Так вот, отодвинутые от власти футуристы не пали духом. Они перегруппировались, создав в 1922 году Левый фронт искусств, ЛЕФ, и одноименный журнал (позже – «Новый ЛЕФ»). Правда, из первоначальной команды почти никого не осталось. В 1922 году умер Велимир Хлебников, оставшись чуть ли не единственным в русской литературе образцом поэта, который мог «идти, не касаясь земли» (А. Башлачев). Бойкий пиарщик Давид Бурлюк обосновался в США, где продолжал шокировать тамошних «буржуев» коммунистическими залепухами. Василий Каменский провозгласил себя «коммунистом-футуристом», оставшись сидеть в уже отцепленном вагоне поезда.
Зато подоспела помощь с Дальнего Востока. Это были молодые люди, воспитанные на трудах футуристов первого поколения, – Николай Асеев, Сергей Третьяков, Николай Чужак. К тому же на Дальнем Востоке они насмотрелись на Гражданскую войну.
К компании присоединился и Осип Брик, сыгравший важную роль в судьбе наиболее знаменитого лефа (так называли членов группы в двадцатых) – Владимира Маяковского. А также представители других жанров – художник и фотограф Александр Родченко и кинорежиссер Дзига Вертов. В числе идейно близких числились Всеволод Мейерхольд и Сергей Эйзенштейн.
О. Брик
Разумеется, лефы провозгласили, что именно их творчество является подлинно революционным искусством.

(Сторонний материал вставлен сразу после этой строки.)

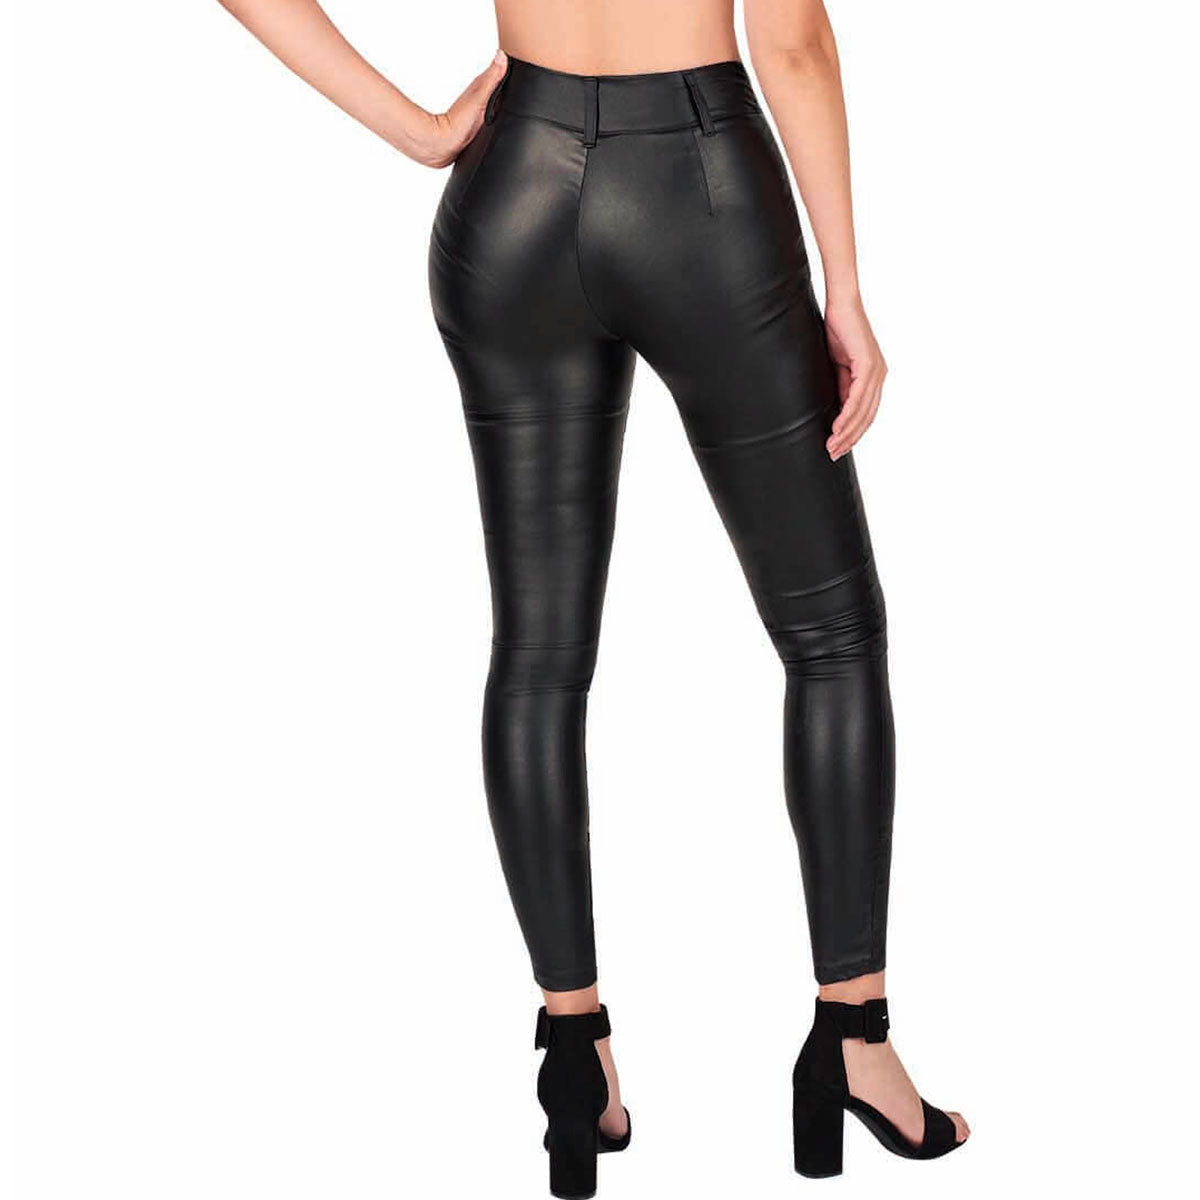 Pantalon Para Mujer TREVO 1034-07 Negro Tipo Cuero – CASTALIA
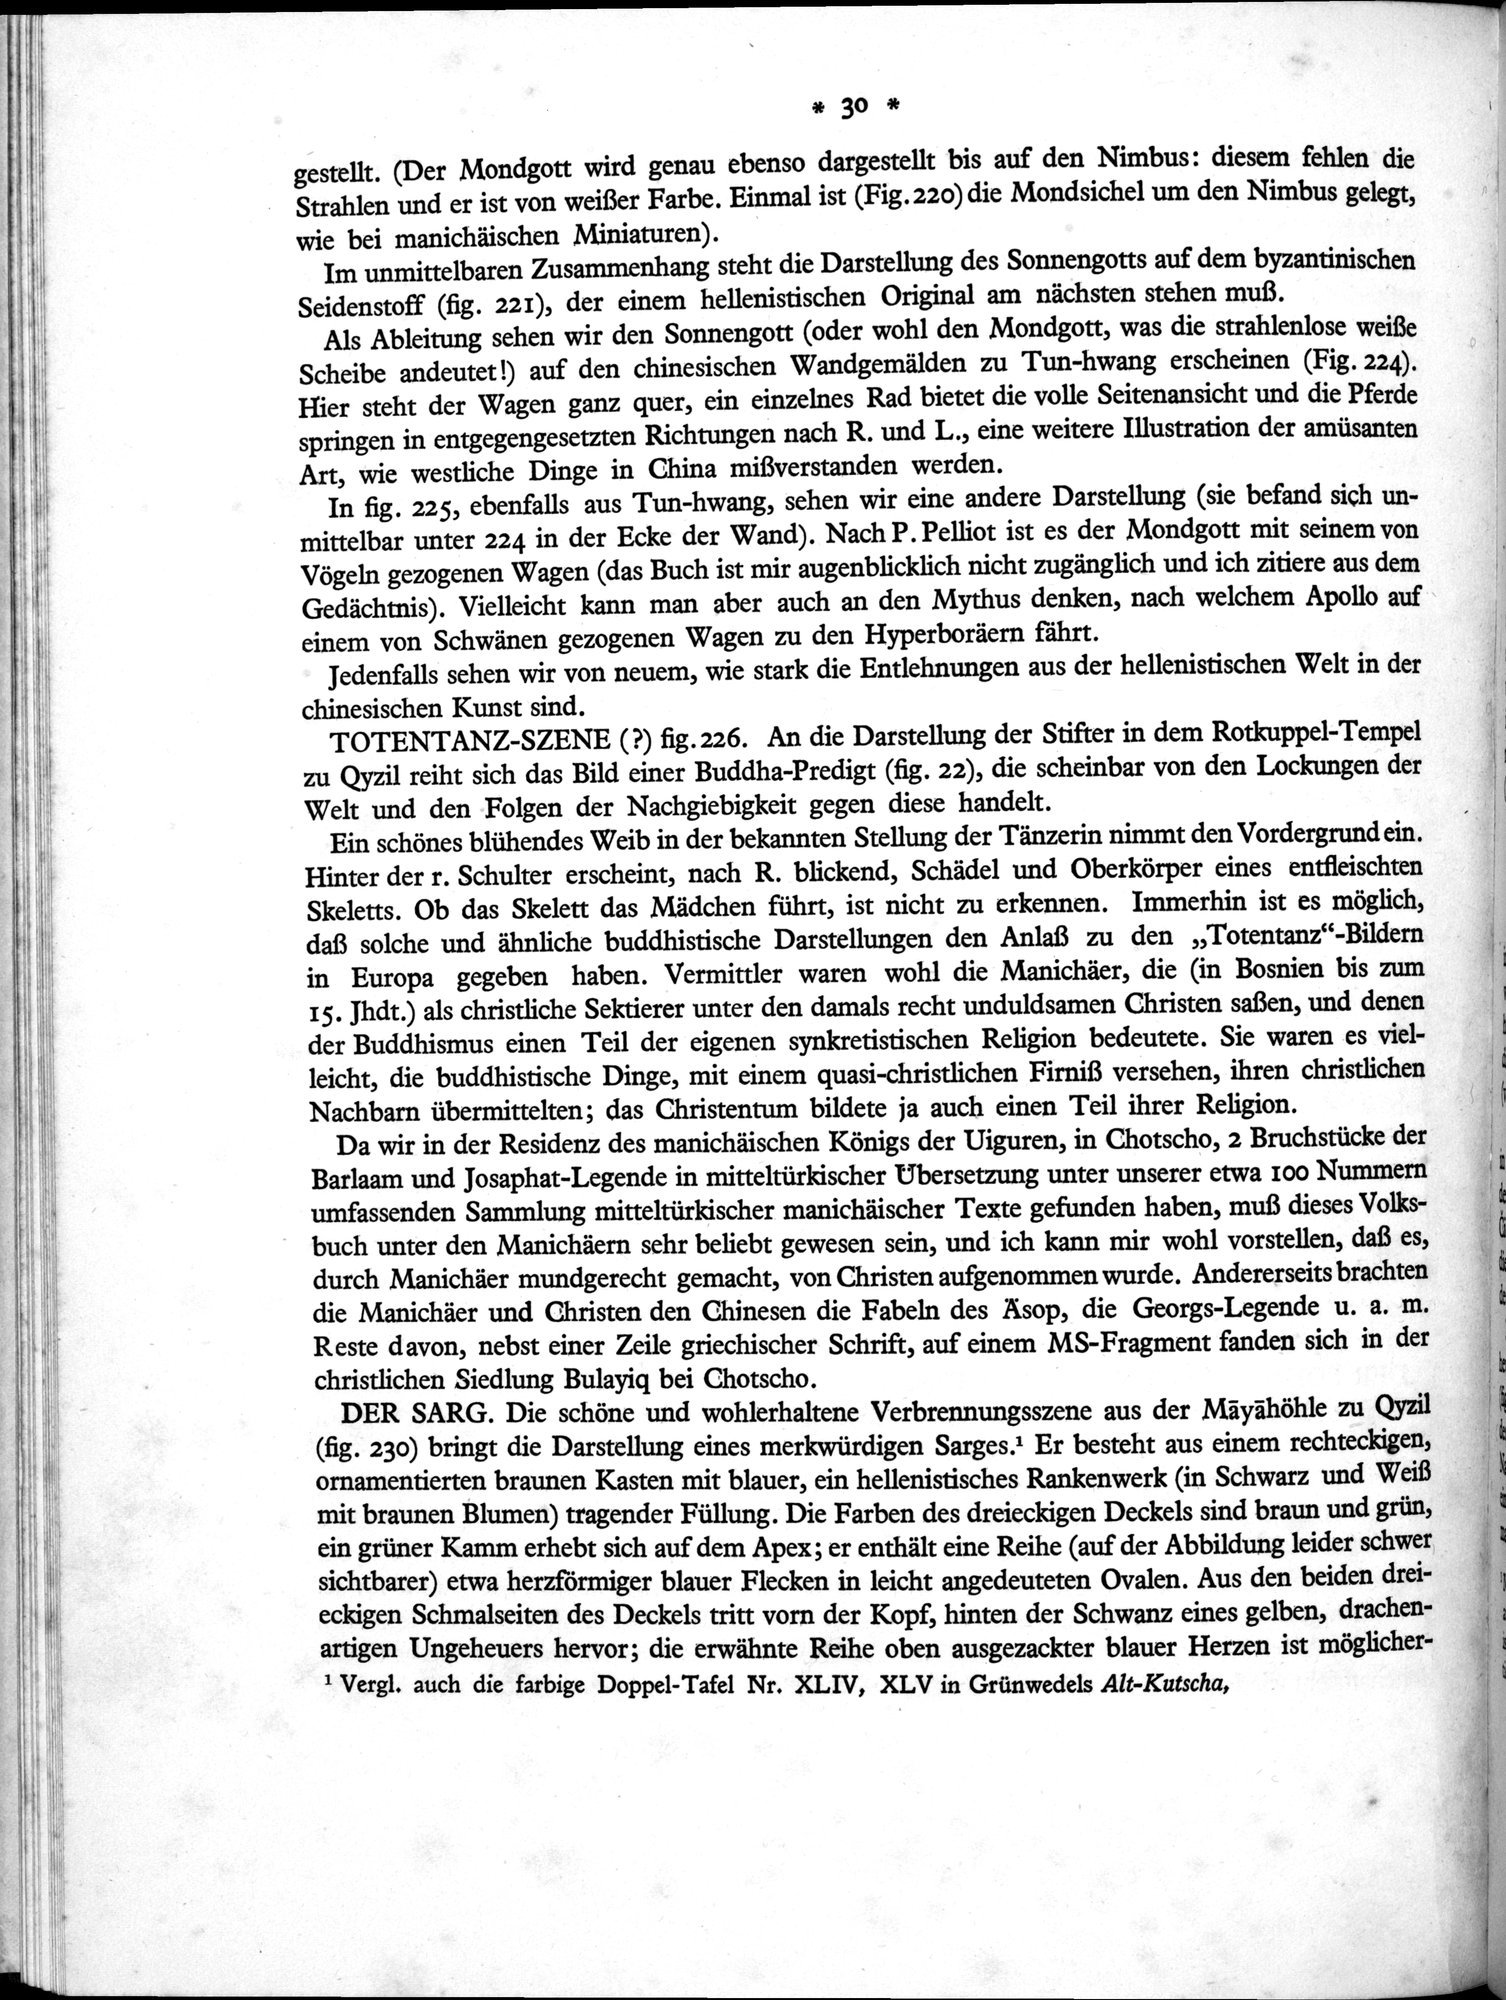 Bilderatlas zur Kunst und Kulturgeschichte Mittel-Asiens : vol.1 / Page 34 (Grayscale High Resolution Image)

Вот что писал Маяковский в первом номере журнала:
«Постепенно разочаровываясь в двухнедельном существовании Советской власти, академики стали в одиночку и кучками стучаться в двери наркоматов.
Не рискуя пользовать их в отечественной работе, Советская власть предоставила им – вернее, их европейским именам – культурные и просветительские задворки.

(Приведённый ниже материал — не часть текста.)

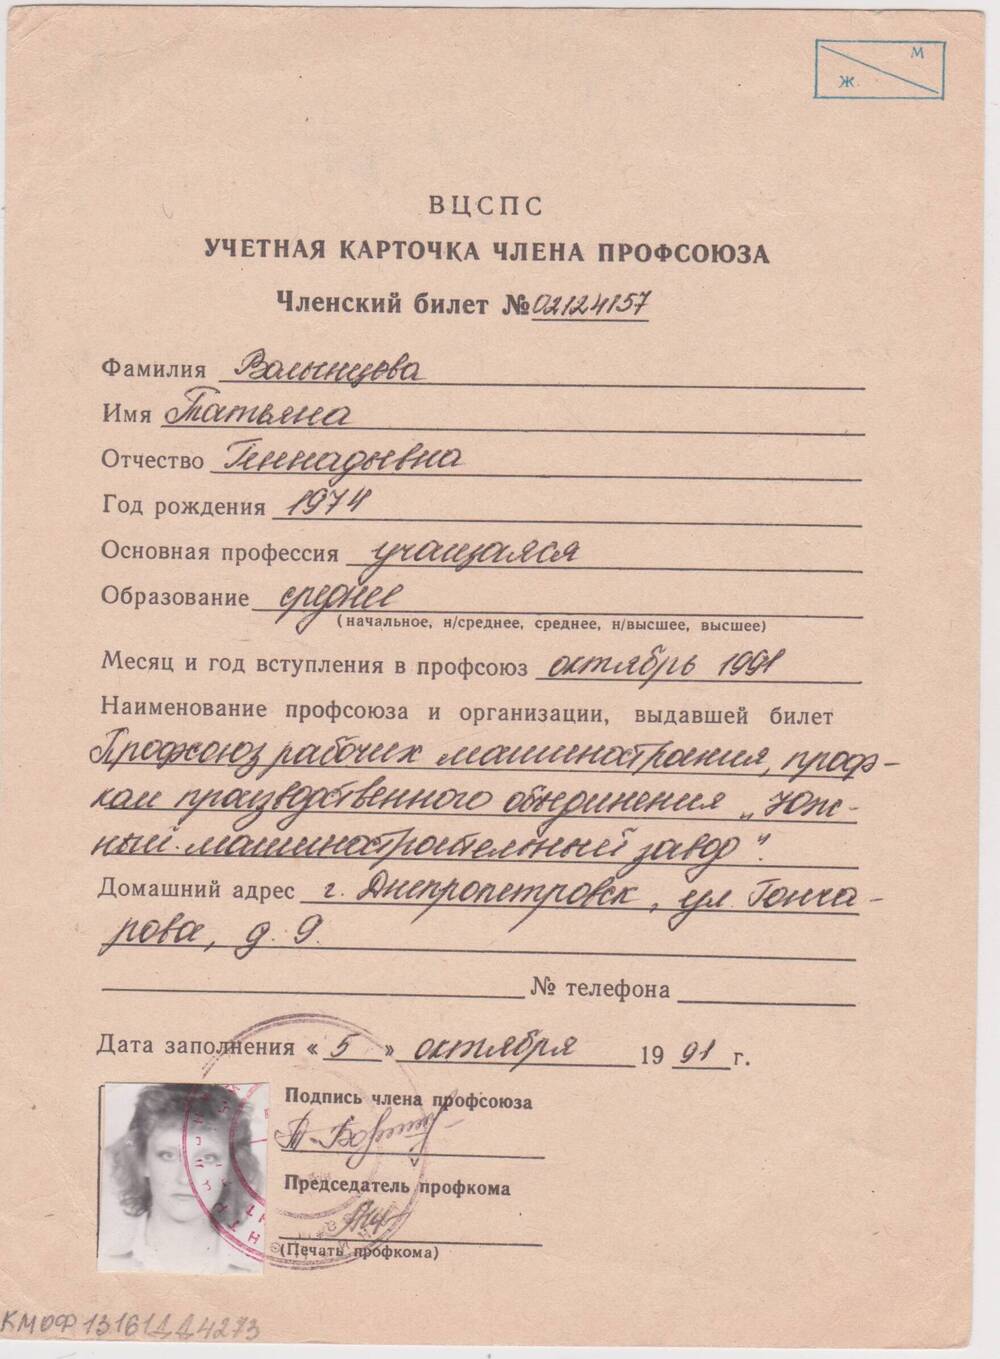 Учетная карточка члена профсоюза Волынцевой Татьяны Геннадьевны.

С этих задворок началась травля левого искусства, блестяще завершенная закрытием «Искусства коммуны» и проч.
Власть, занятая фронтами и разрухой, мало вникала в эстетические распри, стараясь только, чтоб тыл не очень шумел, и урезонивала нас из уважения к «именитейшим».
Сейчас – передышка в войне и голоде. ЛЕФ обязан продемонстрировать панораму искусства РСФСР, ;установить перспективу и занять подобающее нам место.
ЛЕФ будет:
В работе над укреплением завоеваний Октябрьской революции, укрепляя левое искусство, ЛЕФ будет агитировать искусство идеями коммуны, открывая искусству дорогу в завтра.

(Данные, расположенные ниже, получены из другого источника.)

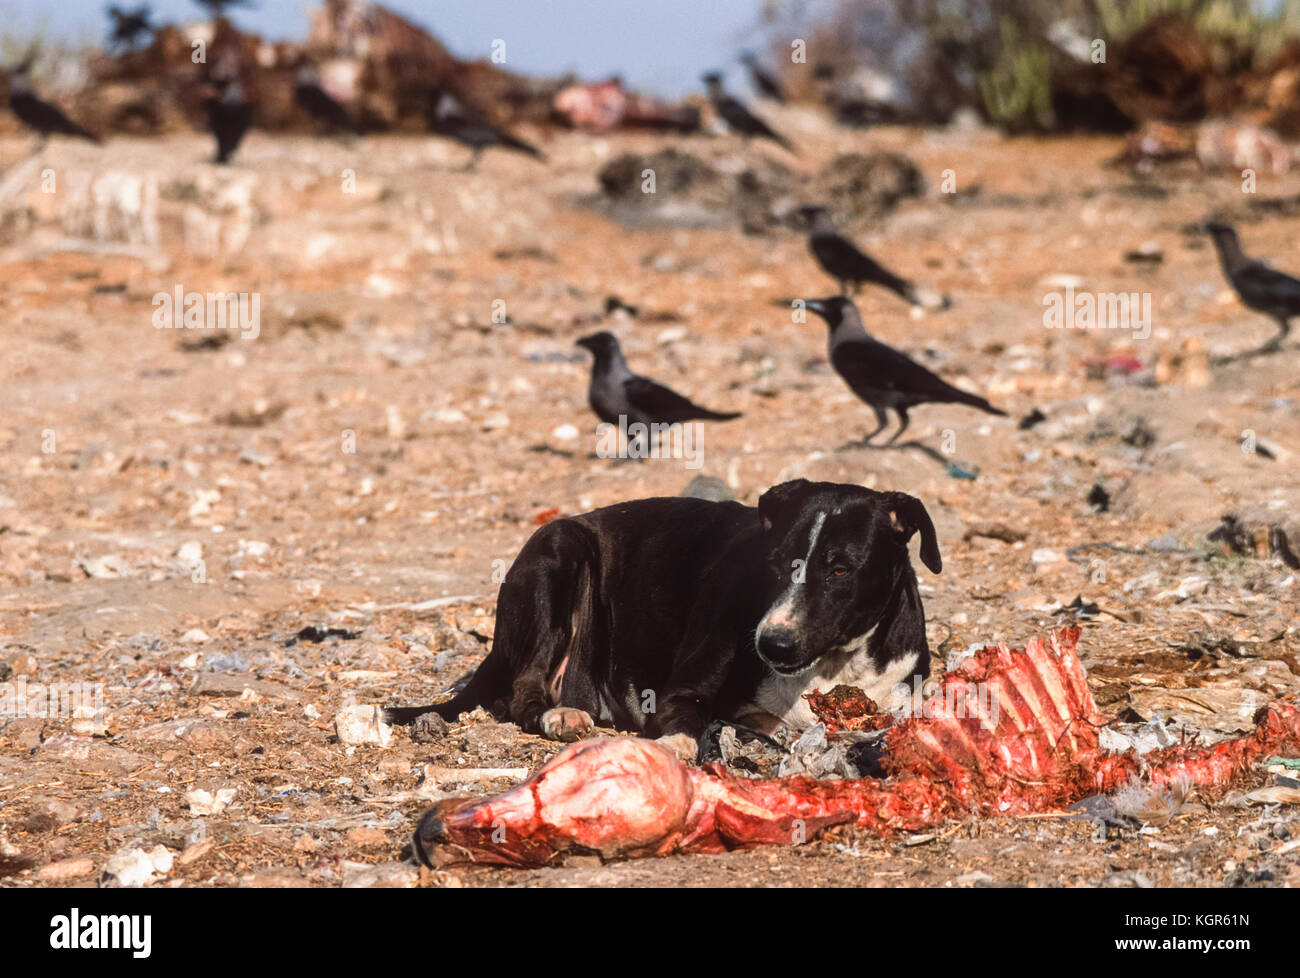 Wilde Hund (Canis familiaris oder Canis Lupus Familiaris), Scavenging auf Schlachtkörper Tier dump, Rajasthan, Indien Stockfoto

ЛЕФ будет агитировать нашим искусством массы, приобретая в них организованную силу.
ЛЕФ будет подтверждать наши теории действенным искусством, подняв его до высшей трудовой квалификации.
ЛЕФ будет бороться за искусство-строение жизни.
Мы не претендуем на монополизацию революционности в искусстве. Выясним соревнованием.
Мы верим – правильностью нашей агитации, силой делаемых вещей мы докажем: мы на верном пути в грядущее».
В другой статье Маяковский развивал мысль:
«Но мы будем бить в оба бока:
тех, кто со злым умыслом идейной реставрации приписывает акстарью действенную роль в сегодня,
тех, кто проповедует внеклассовое, всечеловеческое искусство,
тех, кто подменяет диалектику художественного труда метафизикой пророчества и жречества.
Мы будем бить в один, в эстетический бок:
тех, кто по неведению, вследствие специализации только в политике, выдают унаследованные от прабабушек традиции за волю народа,
тех, кто рассматривает труднейшую работу искусства только как свой отпускной отдых,
тех, кто неизбежную диктатуру вкуса заменяет учредиловским лозунгом общей элементарной понятности,
тех, кто оставляет лазейку искусства для идеалистических излияний о вечности и душе».
Н. Асеев
Как видим, ничего особо нового. Долой старье, потому что именно мы за советскую власть. Все бы хорошо, но к этому времени в любви к советской власти наперебой объяснялись уже многие. Тот же Есенин, к примеру. Или хитрый циник-символист Валерий Брюсов. Последний мог писать в любом стиле и на любую тему. Так что выбирать было из кого. Поэтому требовалось придумать что-нибудь эдакое, обосновать претензии на то, что именно ЛЕФ является подлинно революционным искусством. В результате после долгих мытарств появилось понятие «социального заказа», которое выдвинул поэт Николай Асеев.
Один из главных теоретиков ЛЕФа раскрывал это понятие так: «Поэт – мастер слова, речетворец, обслуживающий свой класс, свою социальную группу. О чем писать – подсказывает ему потребитель».
Грубо говоря: мы умеем писать хорошо, если что надо, обращайтесь к нам, дорогие товарищи!
Такой подход характерен скорее не для литературы, а для ее ближайшей родственницы – журналистики. Это не случайно. Почти все известные писатели двадцатых годов вышли из газетчиков.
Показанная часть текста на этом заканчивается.